An amusement park ride consists of a rotating circular platform 8.00 m in diameter from which 9.5 kg seats are suspended at the end of 2.50 m massless chains. When the system rotates, the chains make an angle θ = 31.0° with the vertical. Assume the average mass of a child is 40.0 kg.
(b) Find the tension in the chain.
(M+m) •a=T•sinθ
(M+m)g= T•cosθ
a/g= T•sinθ/ T•cosθ=tanθ
a=g• tanθ
T=(M+m) •a/ sinθ=(M+m) • g• tanθ/ sinθ
To find the tension in the chain, we can use the concept of forces in equilibrium.
Let's consider one of the seats and draw a free body diagram for it.
First, we have the weight of the seat acting downwards, which can be calculated as:
Weight = mass * gravitational acceleration
= 9.5 kg * 9.8 m/s^2
= 93.1 N
Next, we have the tension in the chain, which is acting upwards at an angle of 31.0° with the vertical. This tension can be resolved into two components: one in the vertical direction and one in the horizontal direction.

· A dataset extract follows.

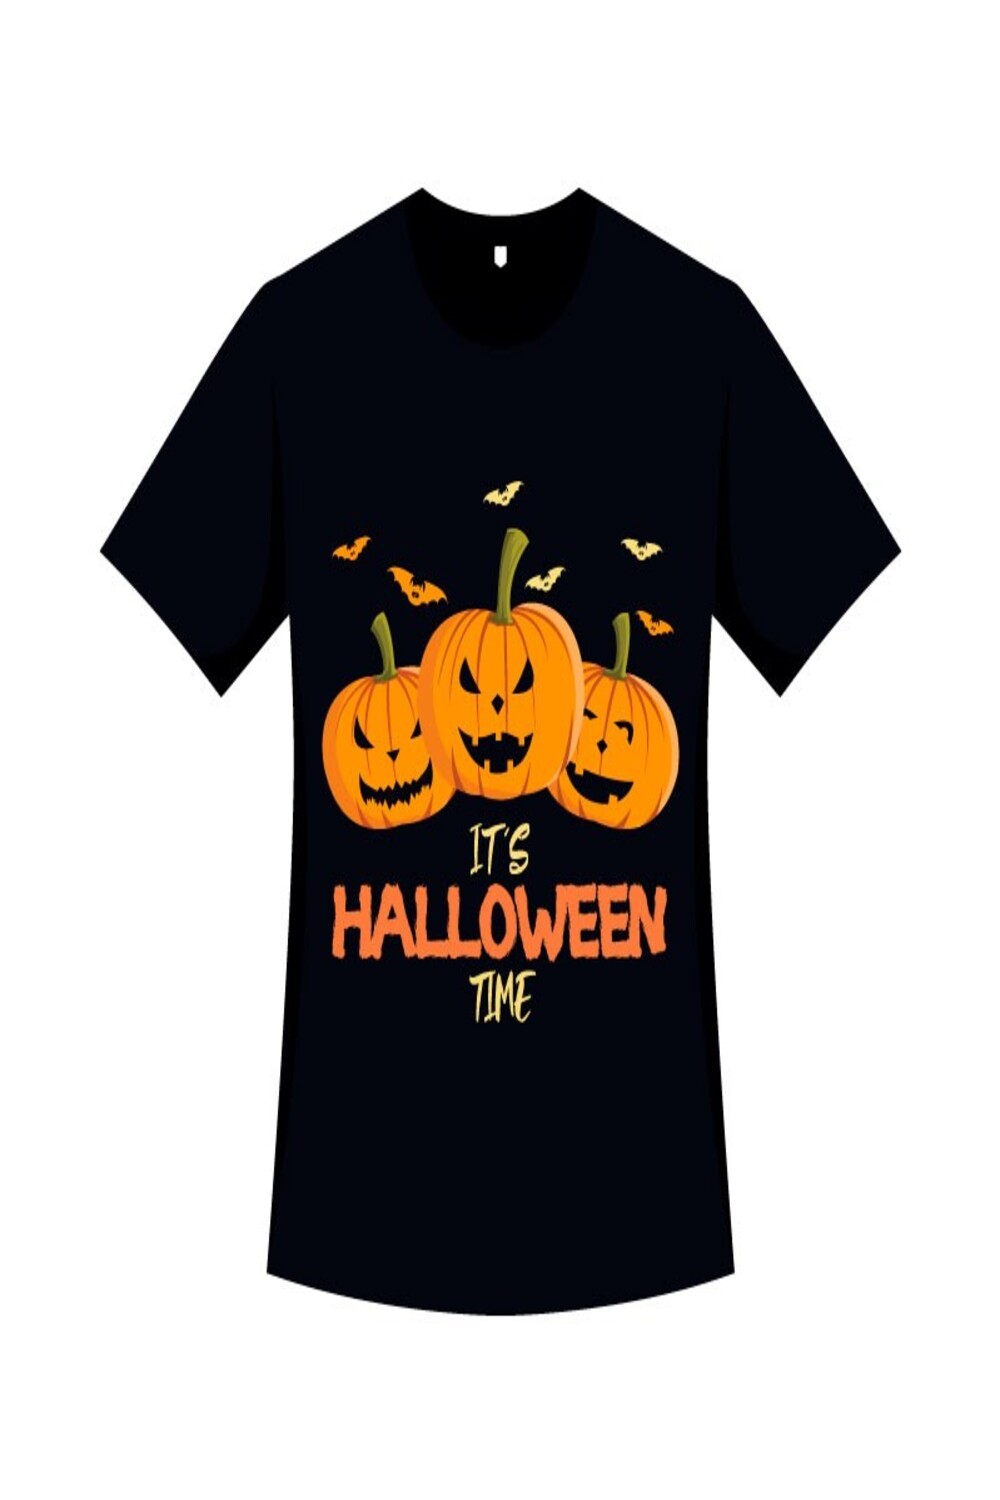 Halloween Pumpkin T-shirt Vector pinterest image.

The vertical component of the tension balances the weight of the seat, so we can calculate it as:
Vertical component of tension = Weight * cos(θ)
= 93.1 N * cos(31.0°)
The horizontal component of the tension doesn't contribute to the equilibrium, so it is not significant for this problem.
Therefore, the tension in the chain is equal to the vertical component of the tension, which can be calculated using the equation above.